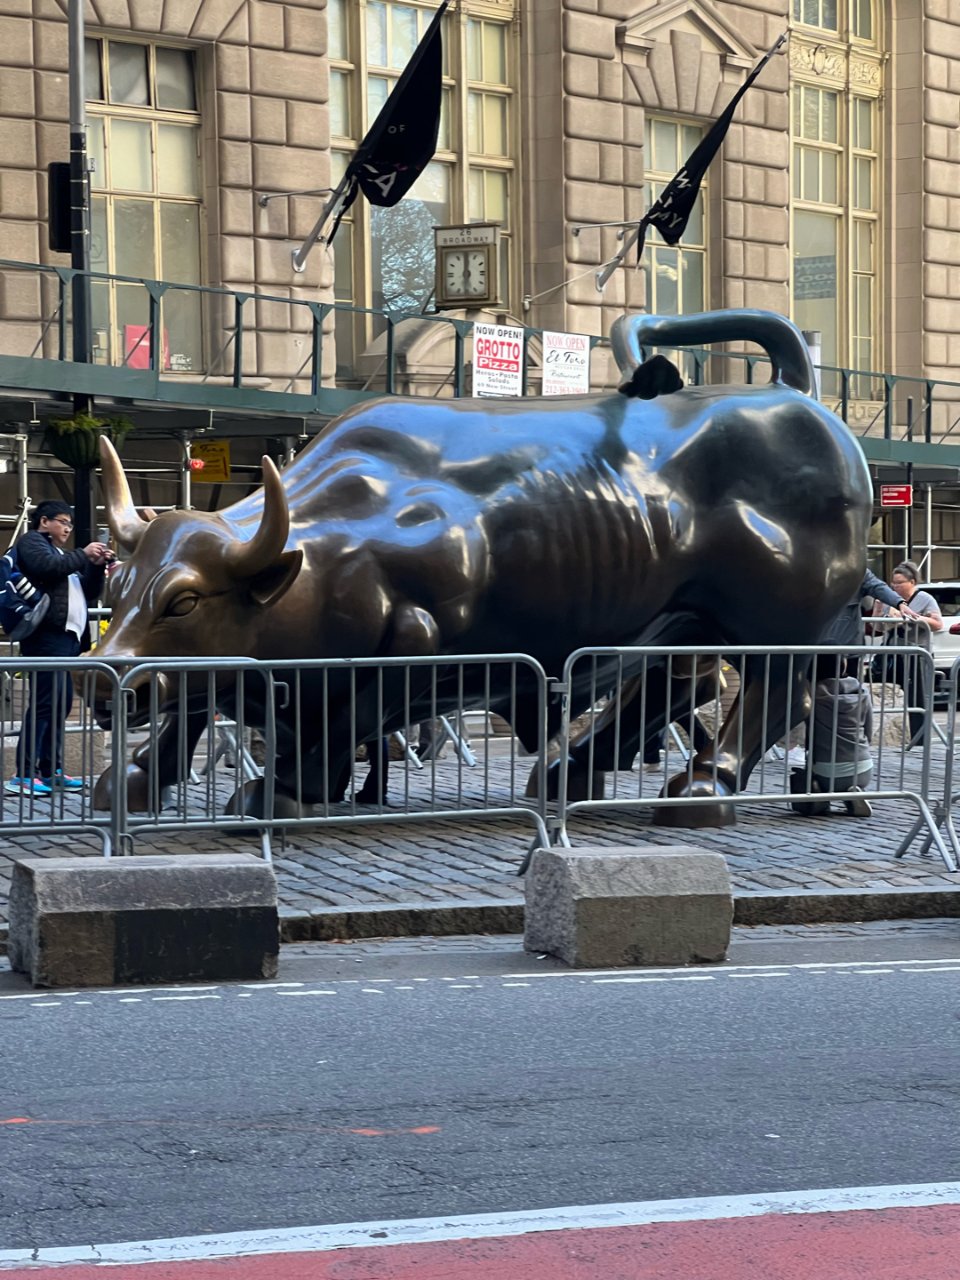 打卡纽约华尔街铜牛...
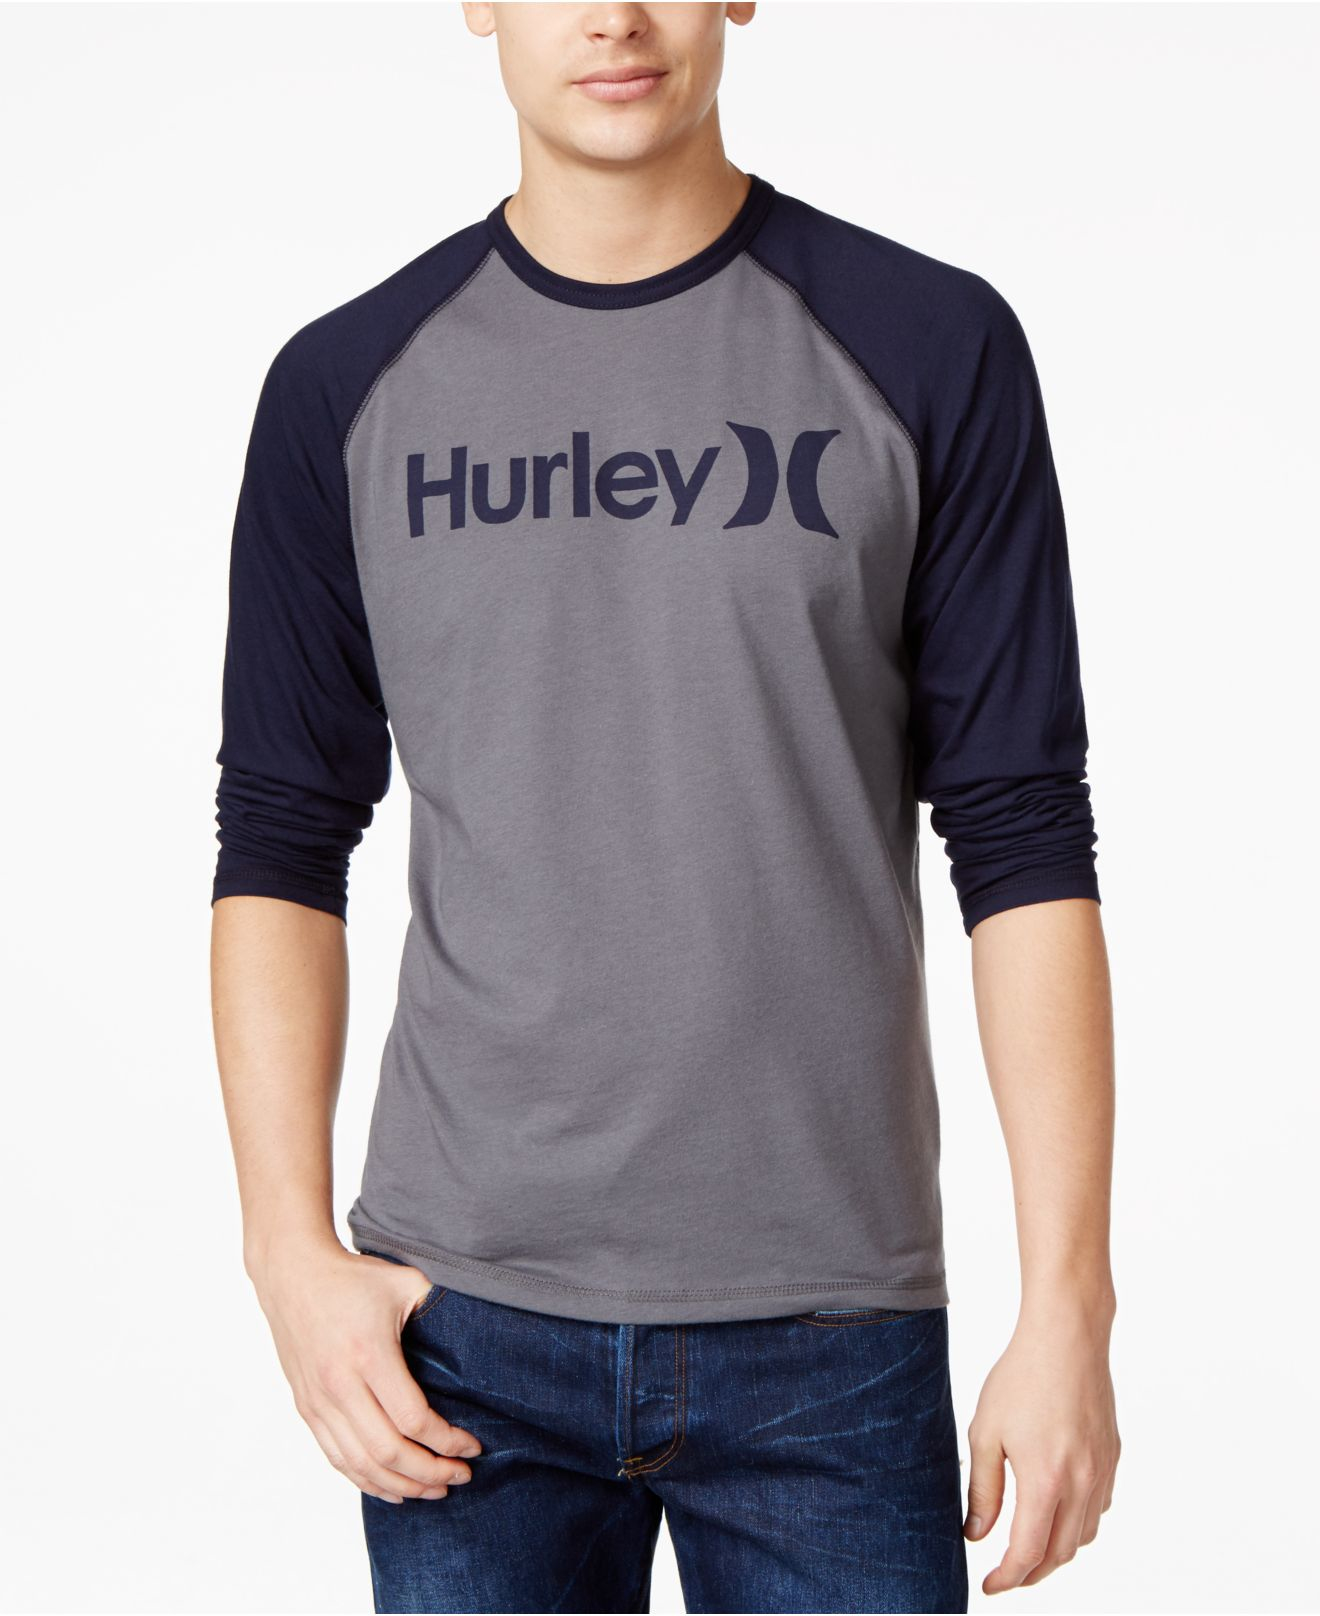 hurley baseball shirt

☆ ☆ ☆ ☆ ☆ ☆ ☆

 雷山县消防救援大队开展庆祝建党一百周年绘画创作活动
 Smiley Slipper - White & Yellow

☆ ☆ ☆ ☆ ☆ ☆ ☆

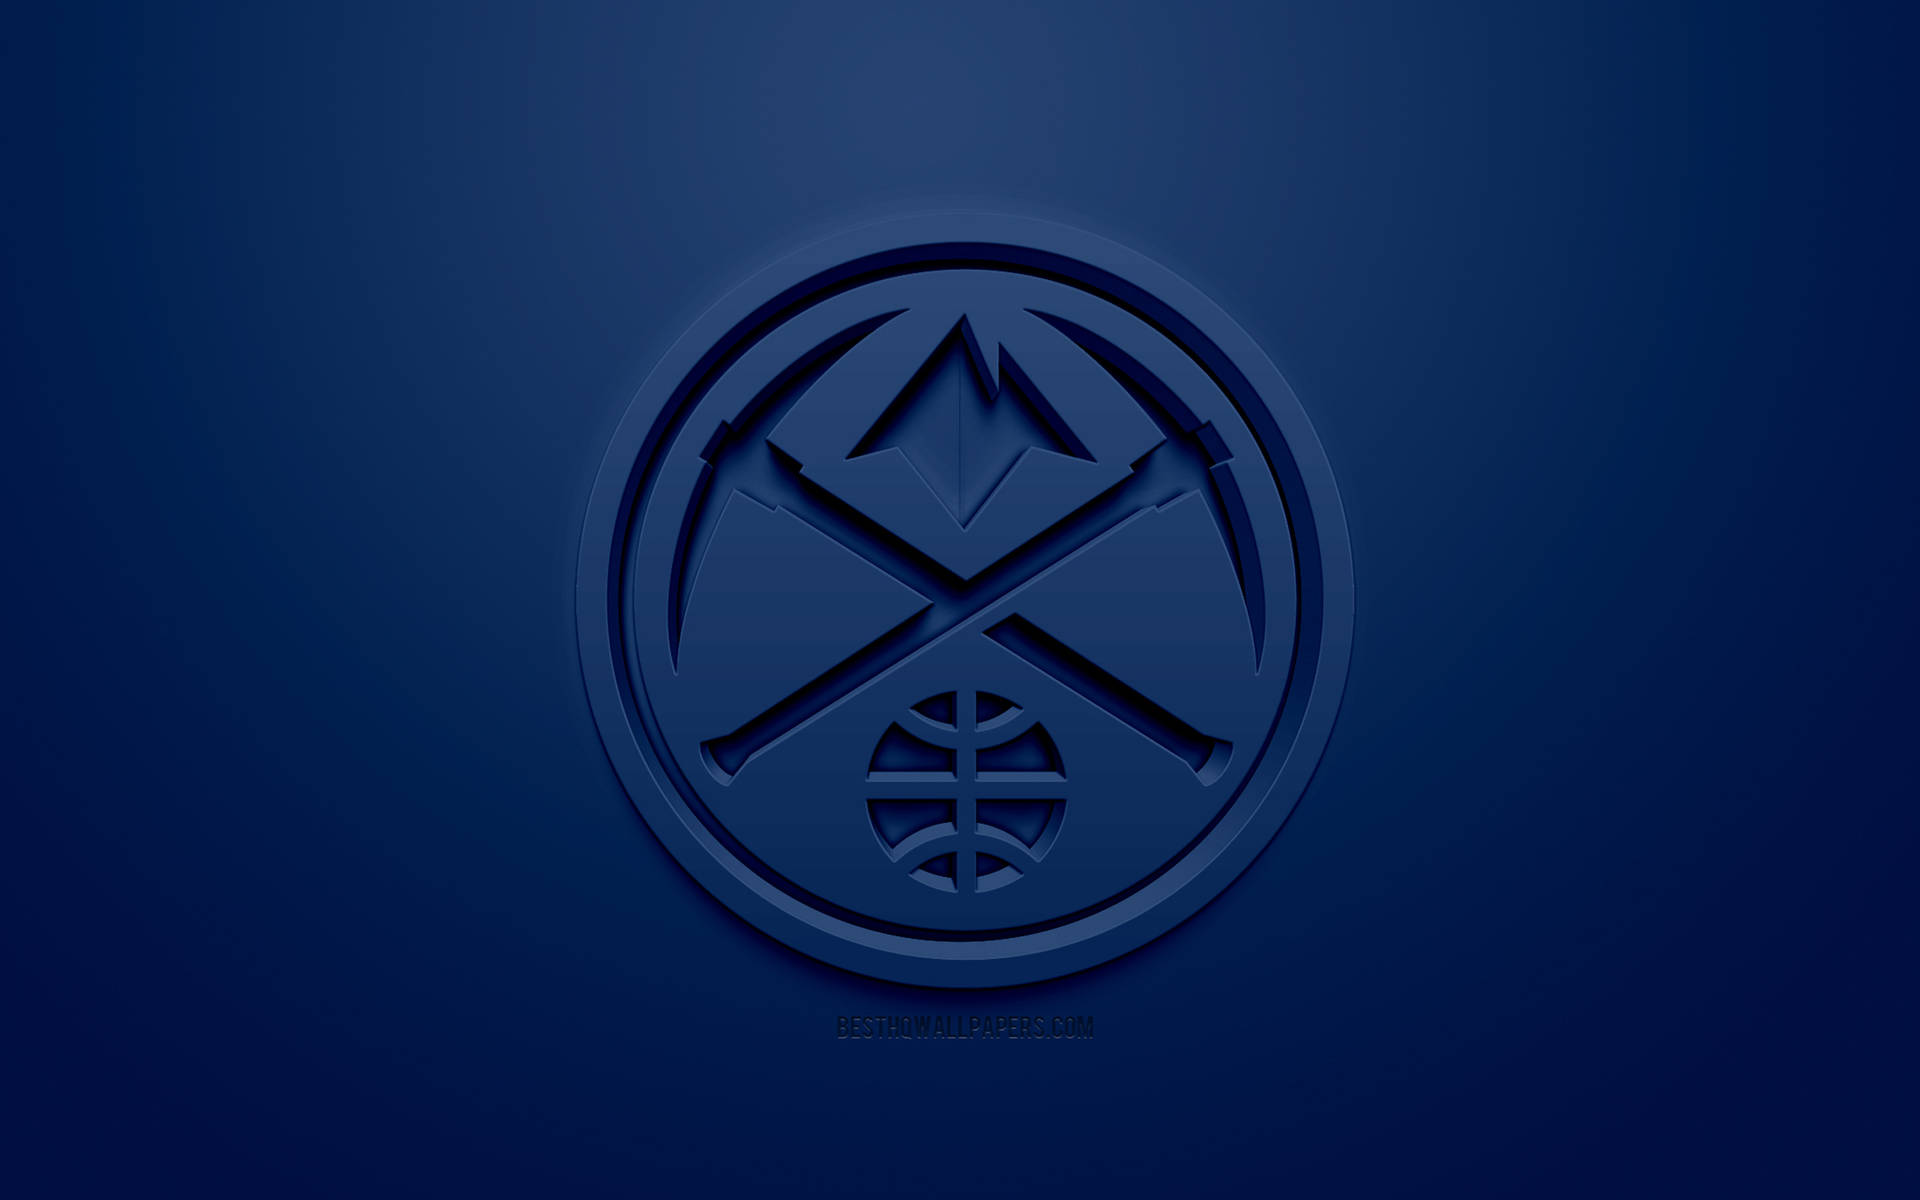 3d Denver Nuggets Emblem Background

☆ ☆ ☆ ☆ ☆ ☆ ☆

Exercise objective » The required output is every line above from the one with "雷山县消防救援大队开展庆祝建党一百周年绘画创作活动" down to the one with "Smiley Slipper - White & Yellow", restated word for word, ends included.

Written answer »
 雷山县消防救援大队开展庆祝建党一百周年绘画创作活动
 Smiley Slipper - White & Yellow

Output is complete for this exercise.